8. Do an Immune System Boost

Some simple ways to help fight off infection are also healthy lifestyle measures. One is to stay well-hydrated, which supports the circulatory system in delivering nutrients to organs throughout the body and to remove waste products — including potentially infectious microbes.

The U.S. National Academies of Sciences, Engineering, and Medicine recommends males get about 15.5 cups of fluid each day and females get 11.5 cups. Not all fluid needs to be water, according to the Mayo Clinic. Non-caloric beverages, including coffee and tea, count too, as do juicy fruits and veggies and fluid-based foods such as soup.

Vitamin C may help as well. Although the once-popular theory that high doses of C may help prevent or cure the common cold has never been proven, there is evidence C may be able to kill influenza A and other viruses. And it can never hurt to include plenty of C-rich foods in your diet: citrus fruits, bell peppers, strawberries, tomatoes, white potatoes, and broccoli, cabbage, and other cruciferous vegetables.

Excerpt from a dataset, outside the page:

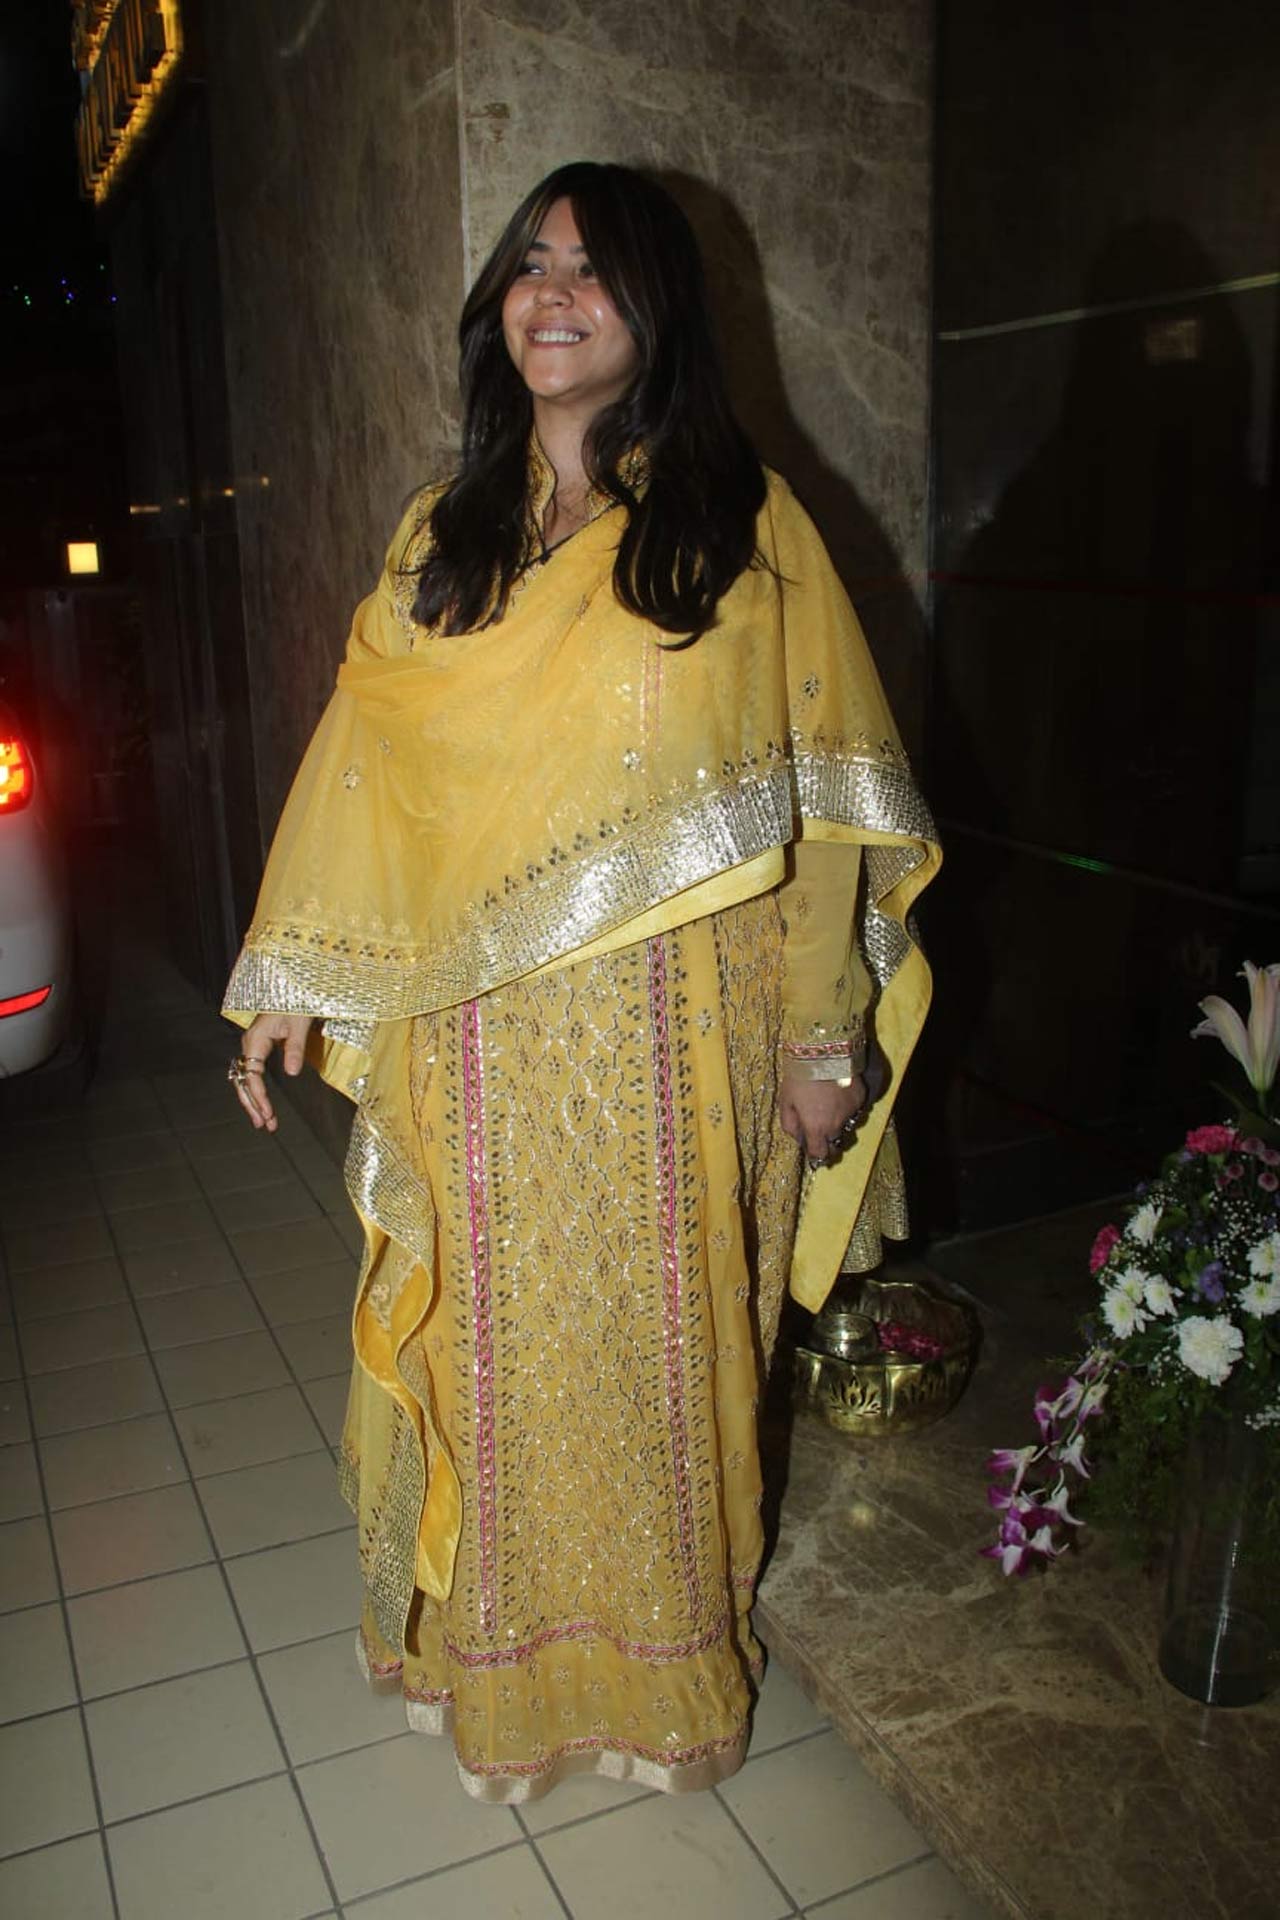 Ekta Kapoor was all smiles as she posed for paparazzi at Ramesh Taurani's Diwali bash. Her yellow ethnic outfit looked like the perfect choice for this Diwali party.

Consider (carefully) catching some rays as well, to boost your intake of vitamin D, which plays a key role in shoring up the immune system. The National Institutes of Health advises wearing sunscreen with an SPF of at least 15 if you’re in the sun longer than a few minutes, and eating plenty of D-dense foods, such as fortified dairy products, fatty fish, and even mushrooms: Sometimes the fungi are exposed the ultraviolet light to boost their vitamin D content.